Today, part of the aforementioned drama playing out in the US House of Representatives is being driven by a focus on reducing the federal deficit, the total debt the US owes, which recently hit an all-time record high of something like $33 trillion, which carries a total interest payment, as of 2023, of somewhere between $659 billion and a cold trillion dollars a year, depending on who's numbers and analysis you use.
That interest payment, at that level, has become one of the top expenses, of any expense category, for the government, surpassing things like the cost of all transportation and veteran's benefits payments, and approaching, or surpassing, depending on which figure you use, the cost of Medicare or the Military.
It's primarily, right now at least, the further right members of the House that are demanding substantial cuts to the budget, the Senate mostly keen to keep spending levels where they are, and the majority of House Republicans seem happy to do the same, though Democrats are more likely, on average, to want higher levels of spending nearly across the board, again, right now—who wants what tends to change, at least in the specifics, every decade or so.

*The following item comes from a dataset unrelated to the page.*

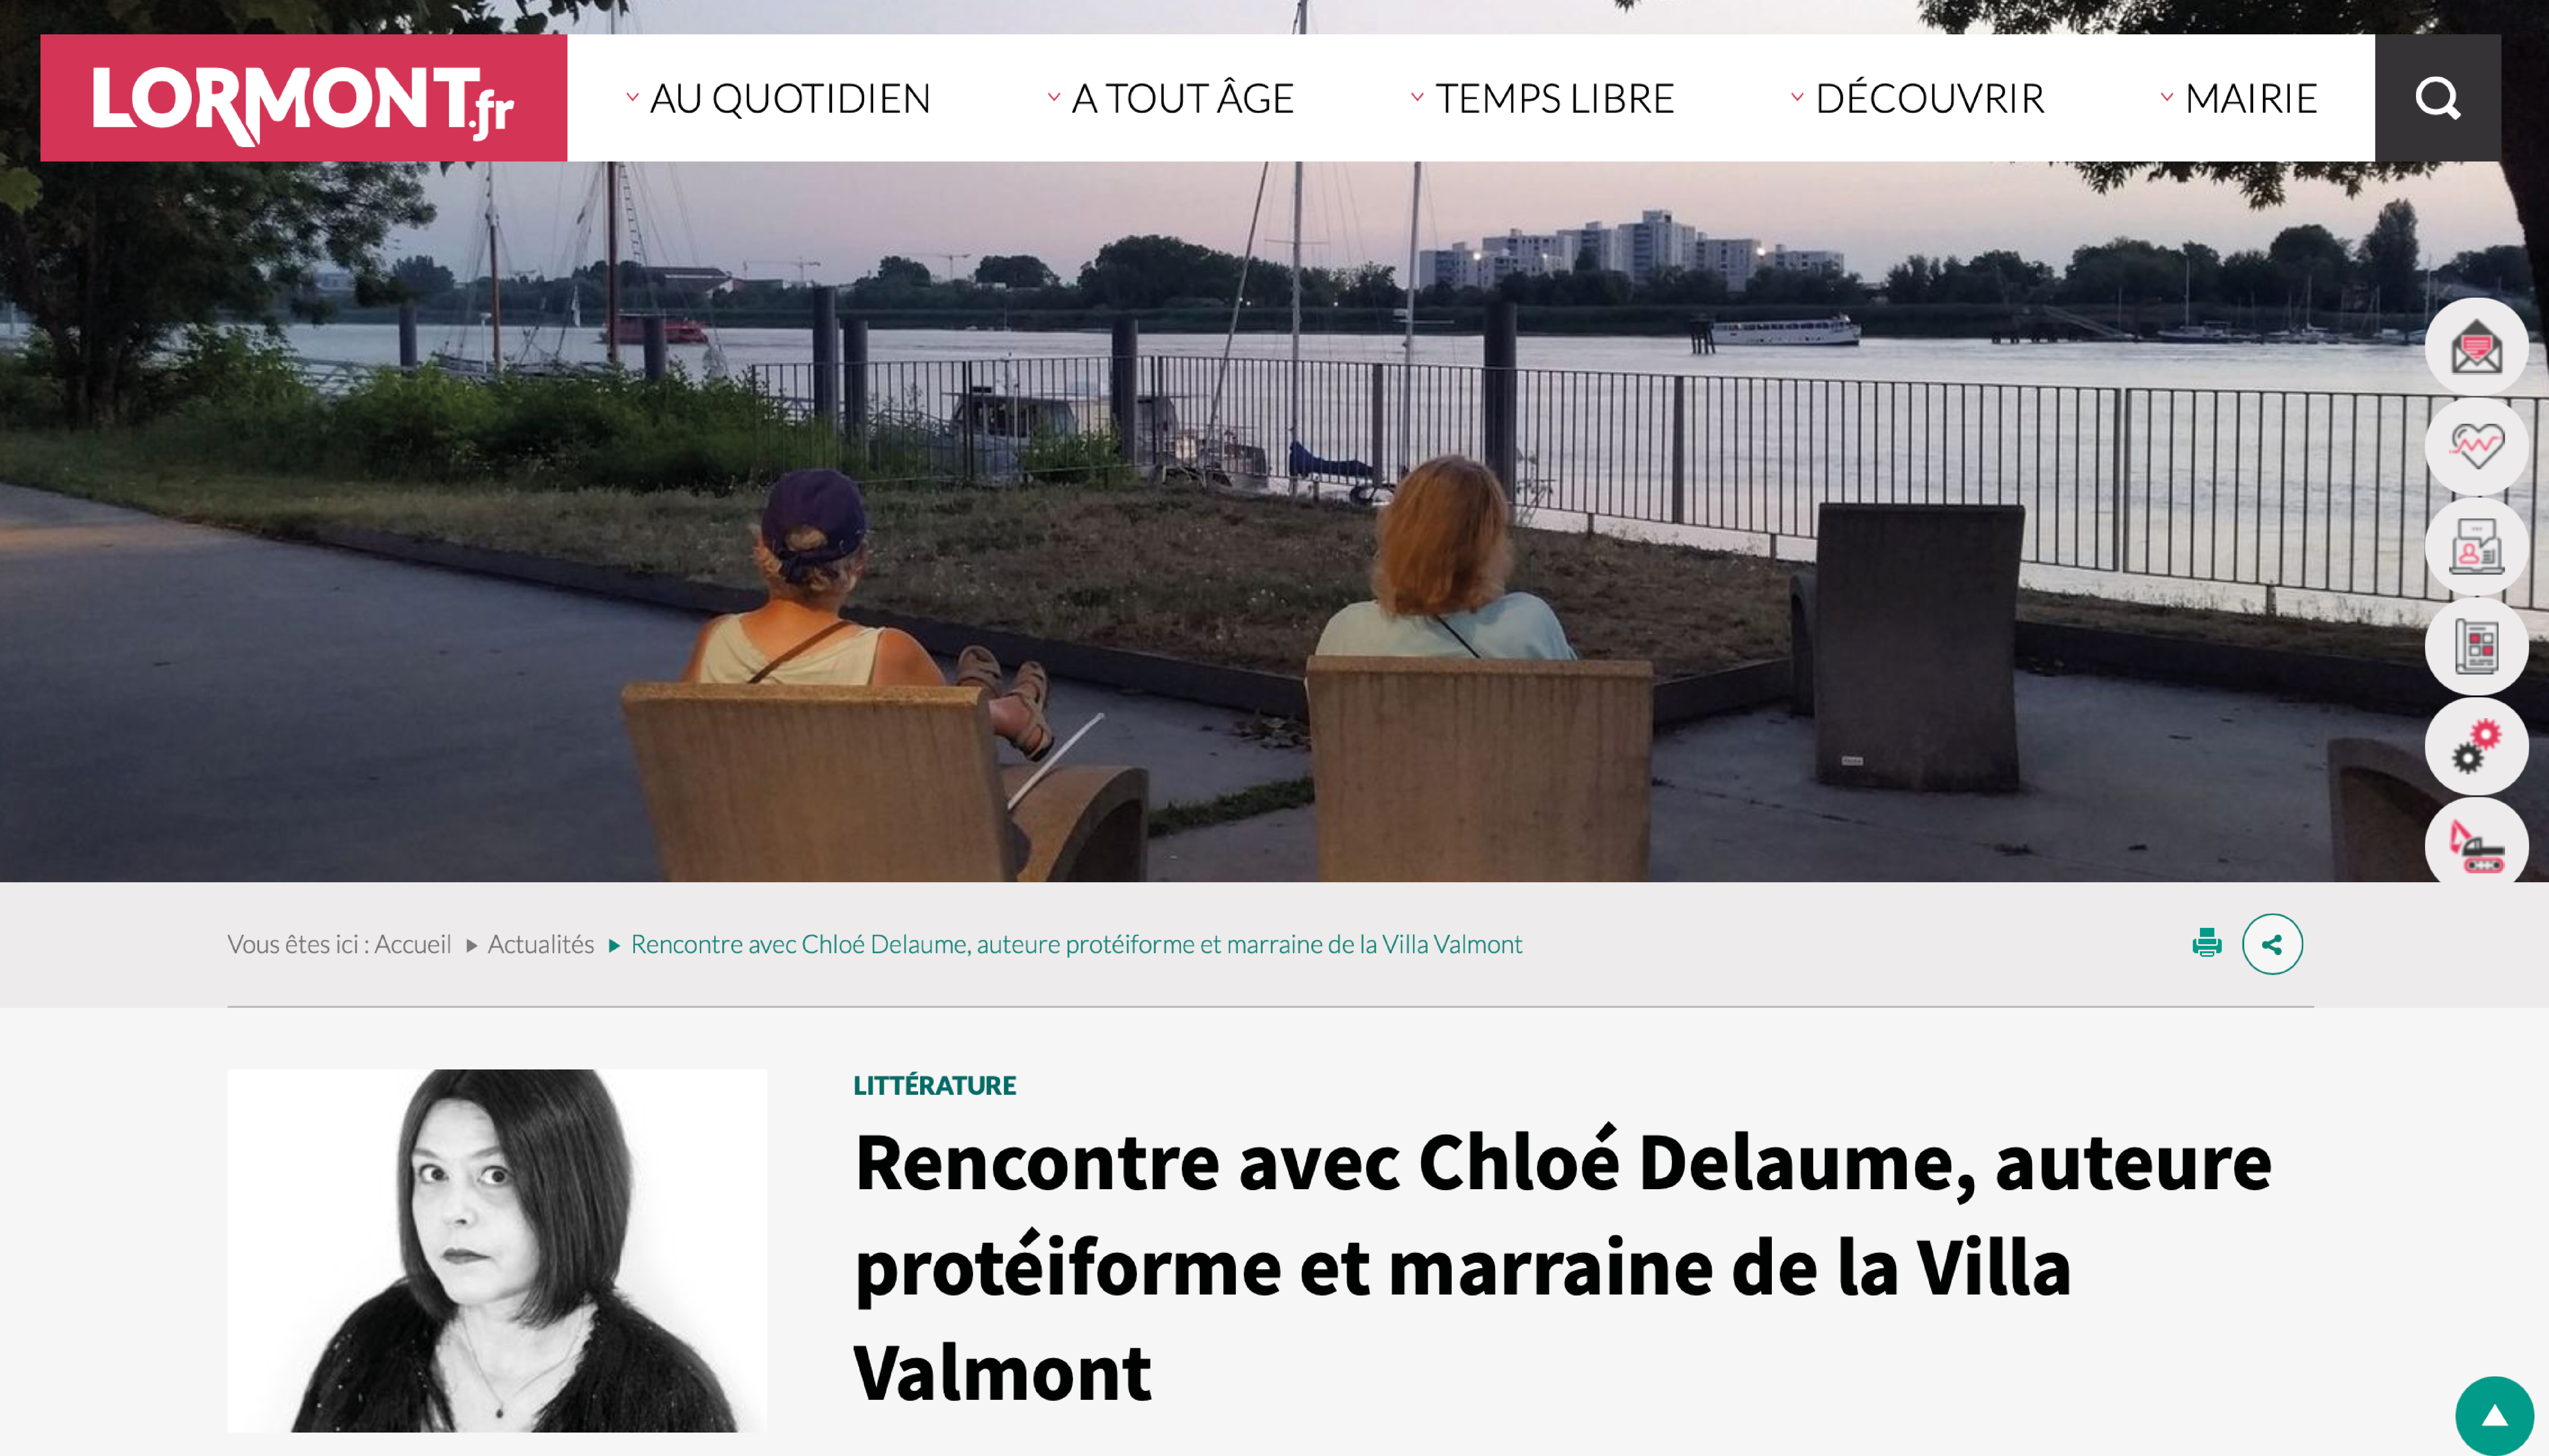 https://www.lormont.fr/actualites-109/rencontre-avec-chloe-delaume-auteure-proteiforme-et-marraine-de-la-villa-valmont-5456.html

And this is such a big issue right now in part because of that ballooning deficit, and in part because there's just a lot to spend on, these days, with military and humanitarian funding for Ukraine and Israel on the table, alongside investments in renewable energy infrastructure, in health care, and in other such—by some estimates at least—foundational elements of the government's various programs and priorities.
Last weekend, reports from within the House indicated that the new house Speaker, Mike Johnson, wants to pass a stopgap funding bill to avoid a government shutdown before the November 17 deadline, and to do so, he wants to break the funding extension into two parts, rather than having Representatives vote on all 12 funding bills all at once.
Each bill would cover different aspects of government funding and would extend spending a little further into the future, keeping spending levels where they are, currently, and providing no new funds to Ukraine or Israel—the former of which is a sticking point for a lot of conservative Representatives, and though this approach is meant to win over enough people from both sides of the aisle to get a stopgap funding bill passed in time to avoid a shutdown, folks across the political spectrum have seemed generally unhappy with it; voting on this could begin as soon as today, and we'll see if people are unhappy in the sense that they didn't get what they want, but they're okay to keep fighting for those things they want while the government stays open, or if they're unhappy in the sense that they'll play chicken with a government shutdown in order to prove their point; for what it's worth, analysts seem pretty mixed on whether this will work or not, at the moment.
This general topic, that of the deficit, is likely to only become a more pressing issue, and thus, a more potent political hot potato, as interest rates, which look likely to stay high for at least another year, increase the debt-load the US government has to tend to, making debt more expensive for the government, and safe investment vehicles like treasuries more lucrative for investors—which can have the knock-on effect of making stocks and similar, riskier investments less appealing, possibly hindering economic investment and development even as the government watches the interest payments balloon as an increasingly major expense on its accounting spreadsheets.